しんちゃん さんの感想・評価
2.7
物語 : 1.5
作画 : 4.5
声優 : 3.5
音楽 : 2.5
キャラ : 1.5
状態:観終わった
ザ☆御都合主義
F-15やF-2といった空自の戦闘機が実はドラゴンだったら?という、奇想天外な設定に興味津々で見始めたものの、毎回毎回ありえないほど身勝手で自分勝手な主人公の言動にイラつかされ、でもきっとここまで壮大な風呂敷を広げたのだからきっと何か最後にどんでん返しで驚かしてくれると思ったら、まさかの主人公が勝手にわがまま言って自分で人身御供になるというバッドエンド、でもそのあとで声だけ生き返るという究極の御都合主義。空自や宮内庁が公式に取材協力してるにもかかわらず死人を出すわけにはいかなかったとはいえ、最後まで観てこれほどがっかりさせられたアニメも最近ちょっとなかったなあと。ストーリーの出来と後味の悪さは、私がこれまで観たアニメの中でもピカイチです。いやーひどい。
声優さんも、主人公ひそねとその周りのDパイや、空自の面々はなかなか渋いメンバーの起用でハマっていると思っていたのですが、JK巫女が出てきたところからぶち壊し。クライマックスに絡むあんな重要な役どころに、セリフ棒読みのOP歌手を起用するなんて、監督もプロデューサーも、声優という仕事を何だと思っているのでしょうか。
唯一のカタルシス(というか、それをカタルシスと呼んでよいのかどうかも自信がありませんが)は、11話の柿保飛行班長の主人公に対するマジギレのシーンでした。公務員としての矜持と自分の欲望の投影の区別がつかなくなった葛藤を表現する釘宮さんの本気の演技がすごかったのと、ひそねに対するイライラを全部ぶちまけてくれたので、テレビの前で「よくぞ言ってくれた、俺たちの柿保さん!」と叫んでました。でも、全体的に言えばストーリーの壮大さに比べてそうした人間の内面の葛藤のドラマといったものが弱く、物語としては薄っぺらい印象しか残りませんでした。

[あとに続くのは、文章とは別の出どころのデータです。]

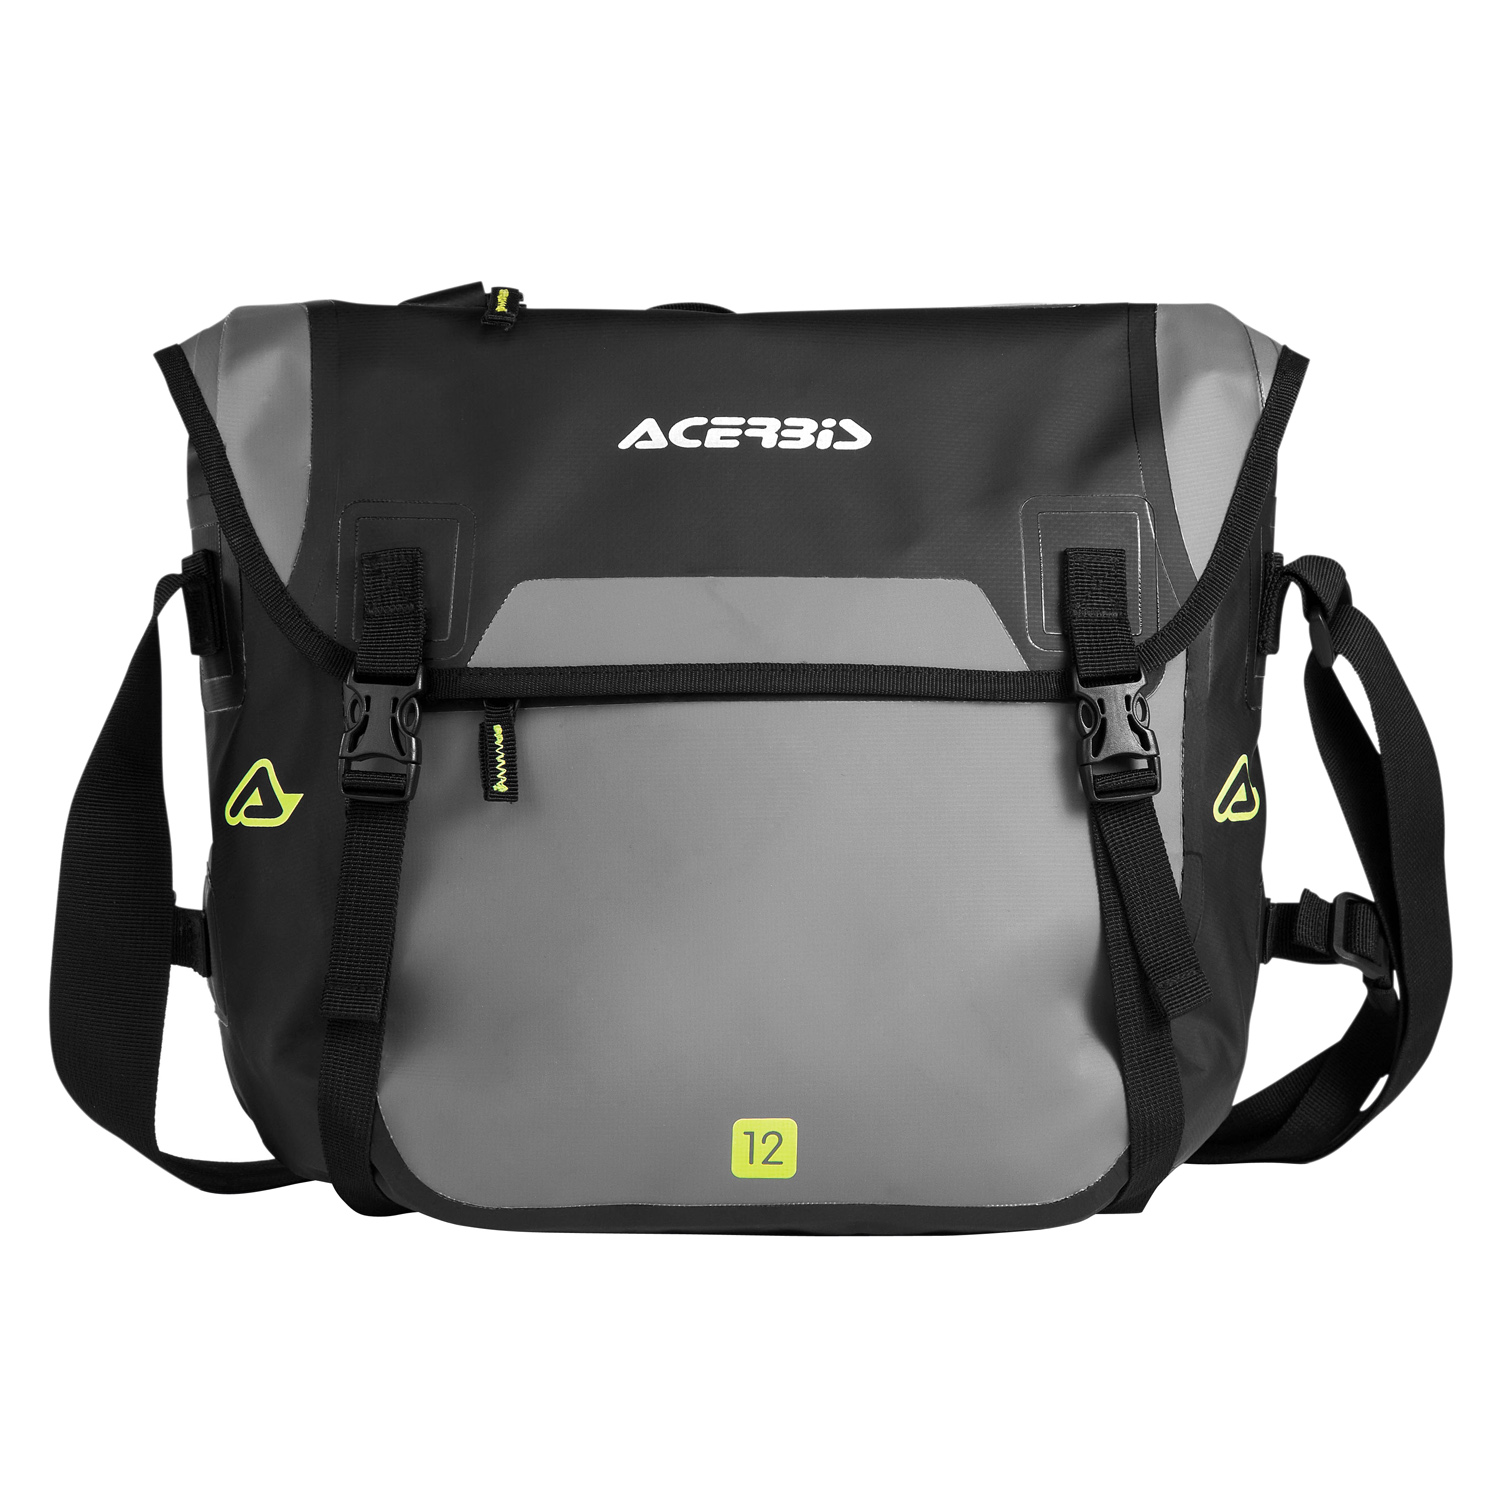 Acerbis Messenger Bag No Water 12 Liter - Black/Grey

なによりも一番がっかりしたのは、ミタツ様の移動が74年周期、すなわち前回が1944年(太平洋戦争終戦の前年?)だったという重大極まる設定が、ほとんど何も回収されずに終わったことです。
現人神たる天皇の守る国だった日本の敗戦は、ミタツ様に対する国家の不義によって、あるいはミタツ様の何らかの意思によってもたらされた国難だったのか?それを引き起こしたきっかけは貞さんだったのか?貞さんはそれをどう総括しているのか?物語の作者は、戦後70年以上経っても今もって回収されずにいるこの「神国日本」伝説に対する終止符を、どのように打とうとしているのか?…ということに興味津々で最終回を見たのですが、それに対する答えは何も示されず、74年周期という数字に大した意味もなかったことが顕わになってしまいました。本当にがっかりです。
前回のミタツ様のお目覚め当時、少なくとも10代後半だったはずの貞さんは計算上は90歳を越えているはずなのに何であんなにぴんぴんしてるの?というご都合主義を全部取っ払っても、樋口×岡田のコンビがこの大きなテーマに対してどんな思想を見せつけてくれるのか、これにずばり答えを示してくれたら、それこそあらゆるご都合主義批判を跳ね返せるパワーをこのアニメは持つはずでした。しかし、それはなされませんでした。
その他にも、Dパイのスーツの意味とか高卒で空自に入った主人公の年齢やマツリゴトと自衛隊の関係など、細かいところで色々と設定が破綻しているというか、御都合主義があちこちに垣間見えてしまい、いっしょに観ていた子どもにすら突っ込まれる始末。壮大なスケールのアイデア倒れ、というべきでしょうか。残念でした。